No, they're not. The curves of constant r, theta, phi in SC coordinates are also curves of constant r, theta, phi in GP coordinates. This is also true of Eddington-Finkelstein coordinates. Shell observers would be "moving" in Kruskal coordinates.

D'oh, of course you are right. GP coordinates use the rain observer's time and the shell observer's spatial coordinates. I always forget that.

So, the difference in gravitational time dilation between GP and SC would be accounted for due to the cross terms, not the spatial terms.

 

[Dale]

Near the surface of the Earth, the metric can be described approximately using ...

So the free-falling coordinate system attributes the difference in send rates and receive rates purely to Doppler shift, not to time dilation. (At least initially.)

This is exactly what I was thinking.

 

[Dale]

Wouldn't observers in other frames also see the 1% difference in signal frequencies, and come to the same conclusion about relative dilation between the clocks, even though both clocks might be running fast or slow for them?

Yes, all observers in all frames will see the same 1% dilation between the clocks. That is an invariant, so all coordinate systems will agree.

What is not invariant is whether that 1% dilation is attributable to gravitation, velocity, cross-terms, or some combination.

 

[Dale]

Thanks, Stevendaryl. That has helped me understand how the observations can be explained in different ways by different coordinate systems. So by changing coordinate systems the relative dilation doesn't go away, but the interpretation changes.

Yes, that was my point, which stevendaryl made much more effectively than I did. Thanks, Stevendaryl!

 

[PeterDonis]

So, the difference in gravitational time dilation between GP and SC would be accounted for due to the cross terms, not the spatial terms.

If you're talking about shell observers, who are on worldlines of constant r, theta, phi, only the dt^2 term in the line element is relevant. g_tt is the same for GP and SC coordinates, so the equation for gravitational time dilation of shell observers is identical.

If you're talking about different "time dilation" for observers who are moving radially, compared to shell observers, you can compute that in either GP or SC coordinates, because dr is nonzero as well as dt.

 

[PeterDonis]

If you're talking about shell observers, who are on worldlines of constant r, theta, phi, only the dt^2 term in the line element is relevant. g_tt is the same for GP and SC coordinates, so the equation for gravitational time dilation of shell observers is identical.

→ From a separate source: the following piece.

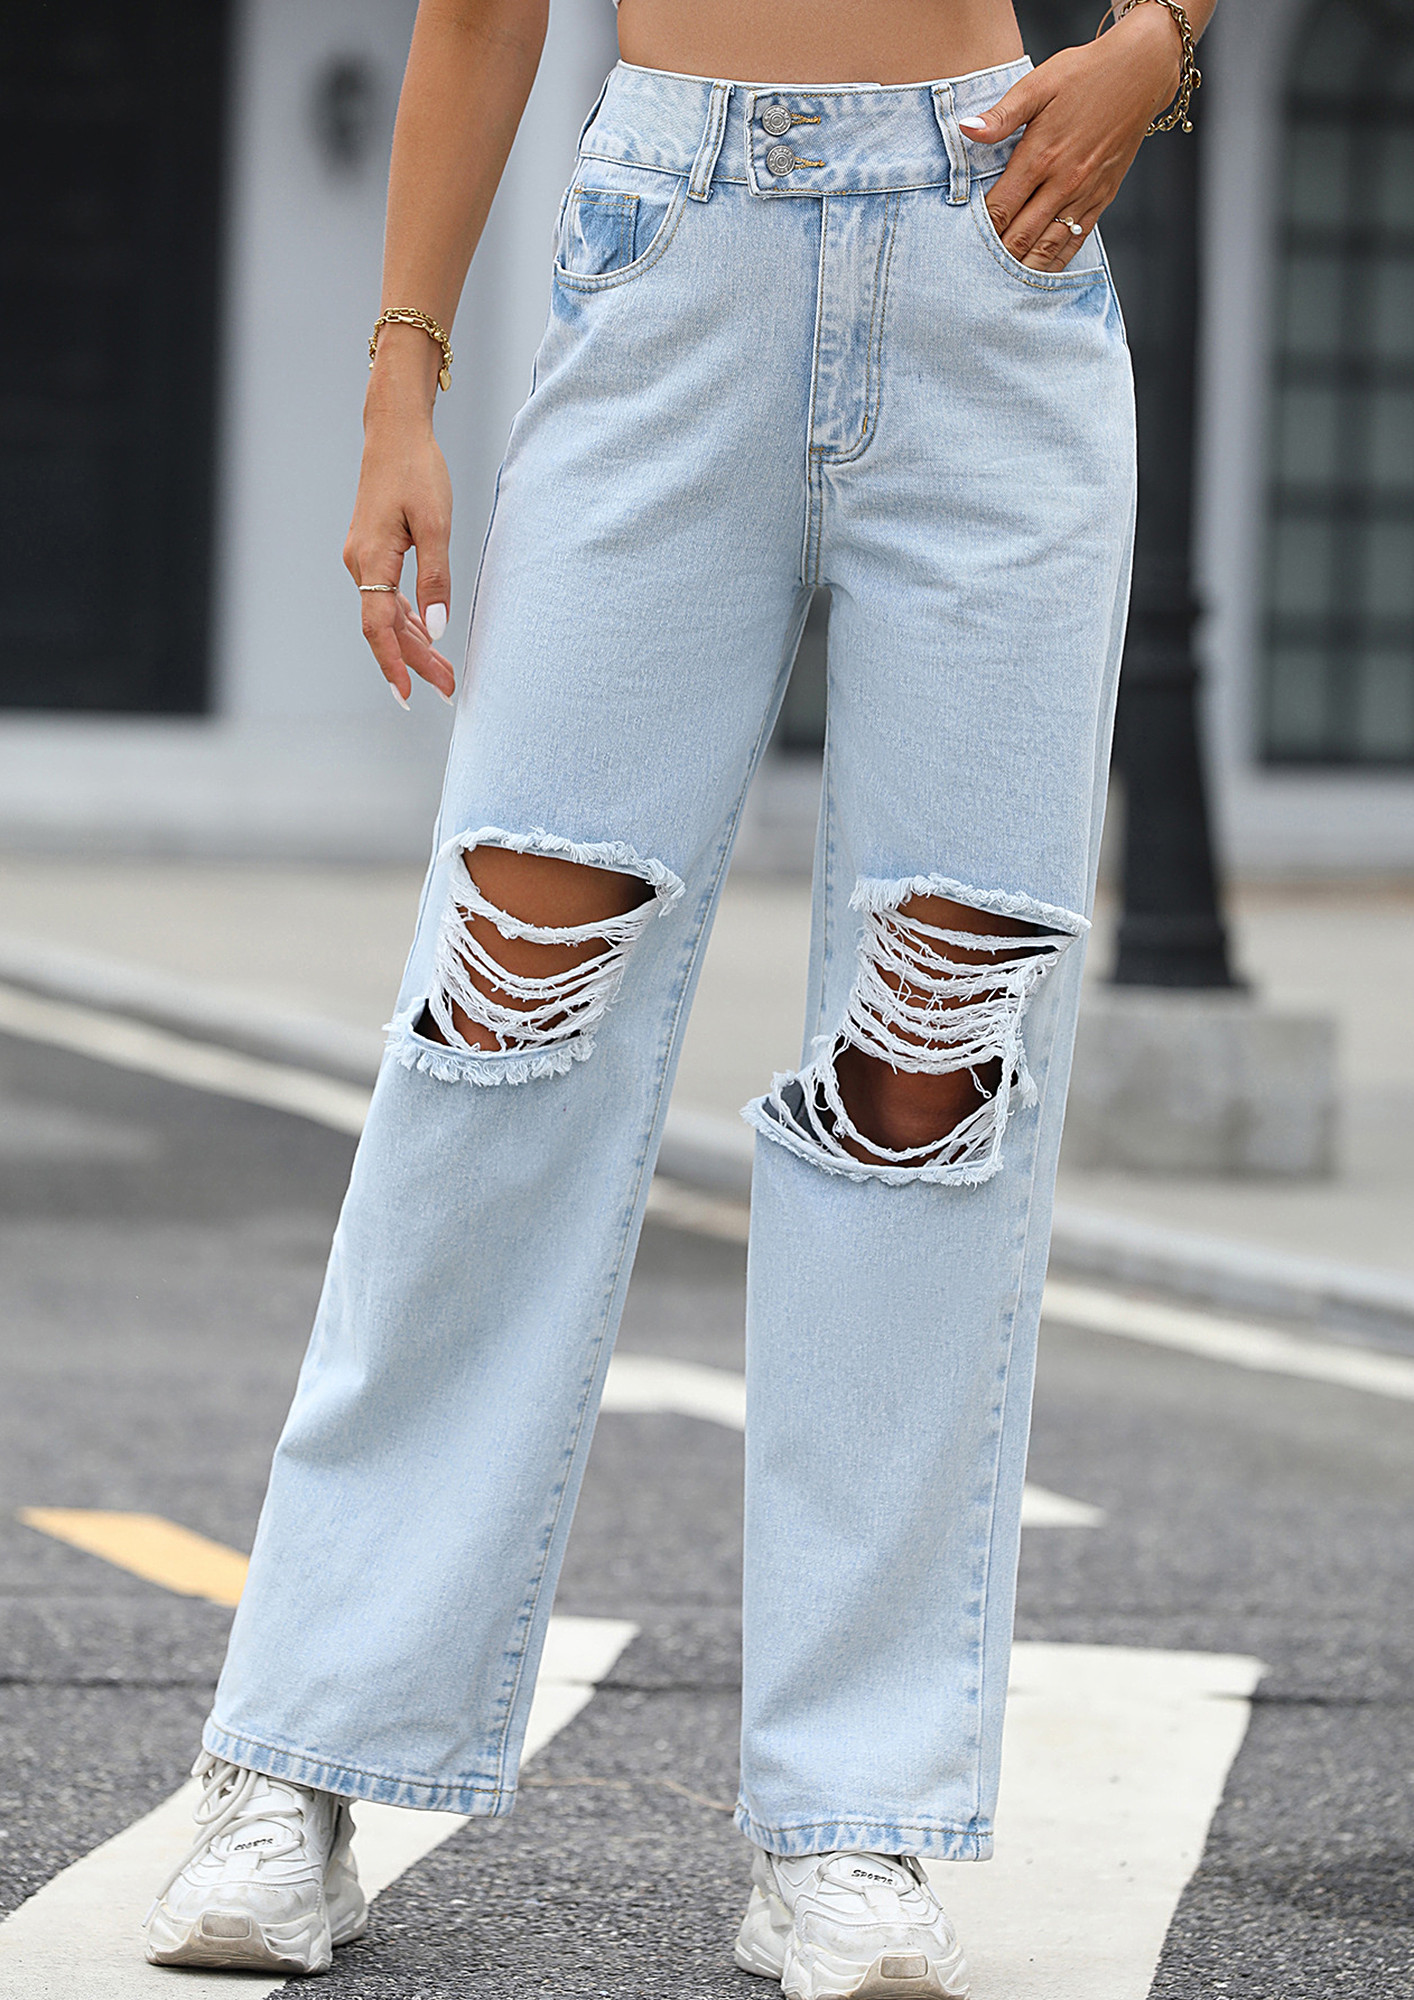 New Women Denim Skinny Ripped Pants High Waist Stretch Casual Jeans Slim  Pencil Trousers, Women Jeans, Girls Jeans, लड़कियों की जीन्स - My Online  Collection Store, Bengaluru | ID: 2851547620733
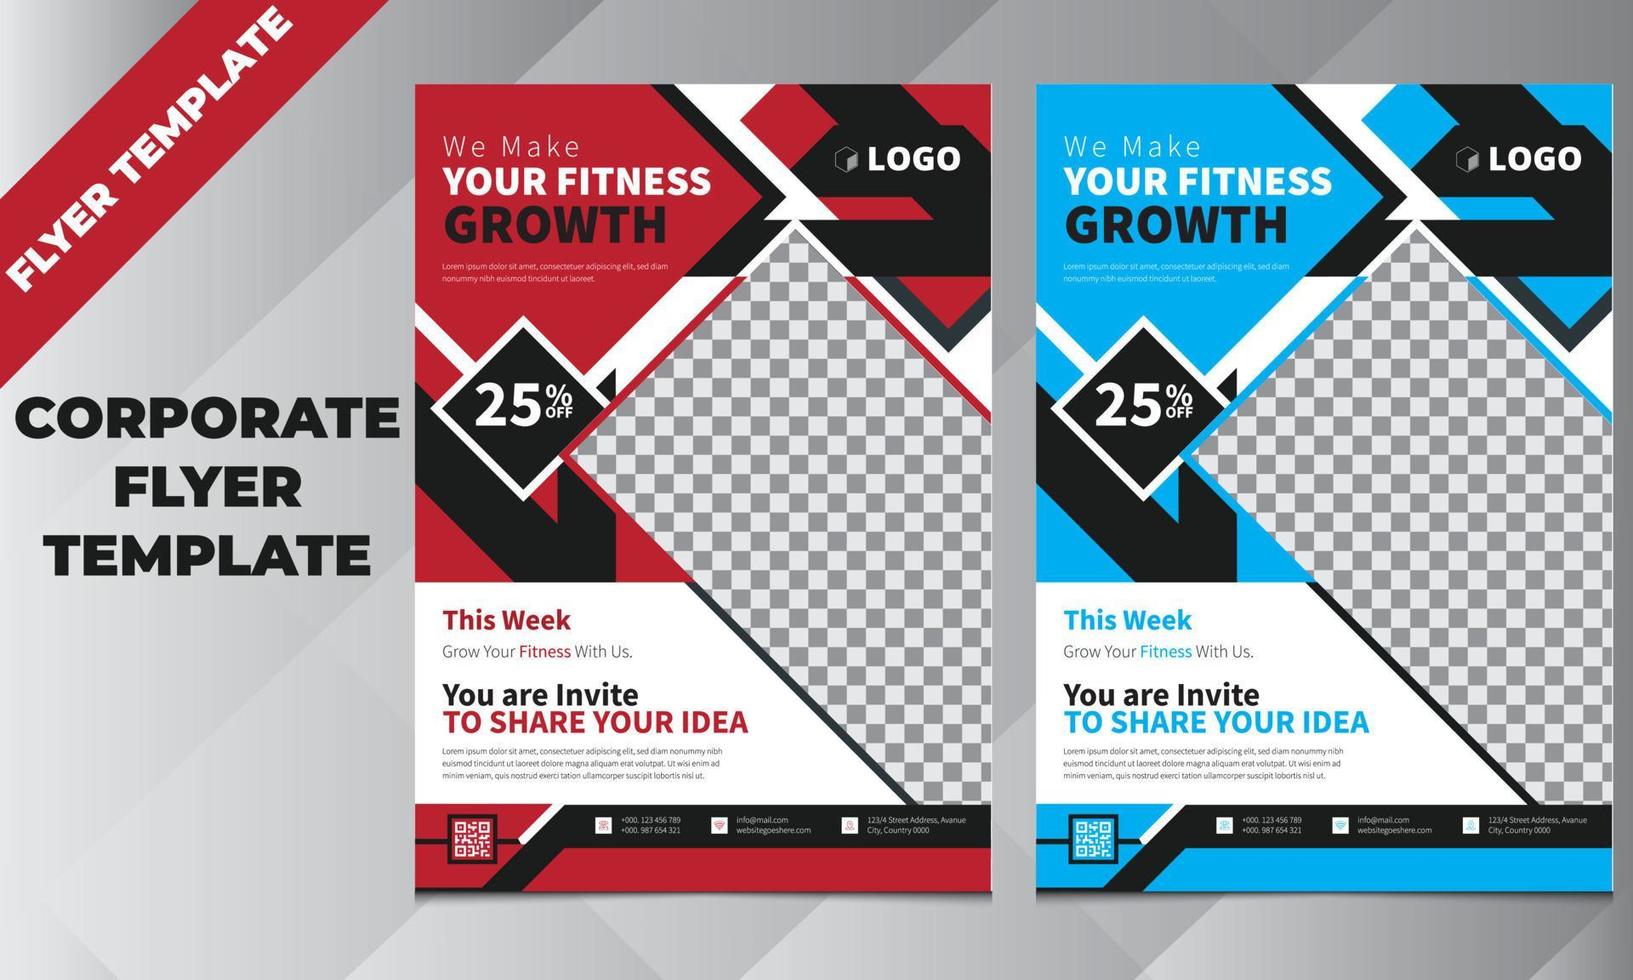 Fitness Flyer Template, Gym fitness flyer template with grunge shapes Premium Vector, Modern fitness and gym flyer, Sports Flyer Template, Boxing Gym Template,  Corporate Business marketing Brochure. vector

Perhaps I should expand on this a little more, since it does seem a bit fishy that GP and SC coordinates give the same time dilation equation for shell observers, even though their time coordinates are obviously not the same.

The key thing to note is that gravitational time dilation for shell observers only depends on the *ratio* of the "rates of time flow" at the two different altitudes; that ratio is the actual observable. GP and SC coordinates parameterize the curves of constant r, theta, phi differently, but when calculating a ratio, the parameterization drops out and all you're left with is the g_tt values. So since g_tt is the same (as a function of r) for GP and SC coordinates, they both give the same equation for gravitational time dilation for shell observers.

 

[Dale]

OK, so we have to go to a rain frame like Stevendaryl explained. Or any coordinate system that uses a different Spatial coordinate.

 

[Mike Holland]

Is the Rain frame the frame of a free-falling observer? In which case he sees himself as hanging motionless in his frame while a great big condensing mass is accelerating towards him!

That makes sense, but I am still trying to visualize what he sees regarding an object falling in behind him. Will it be blue-shifted or red-shifted? He will be accelerating away from it, so he should see it as accelerating away from himself in his frame, and it should be red-shifted. Is that correct? In fact, there is no gravity in his frame, and he sees all remote objects accelerating in the same direction as the approaching mass. So he should see everything else as red-shifted. Of course, some distant objects would have velocities/accelerations relative to the approaching BH, which could override this red shift.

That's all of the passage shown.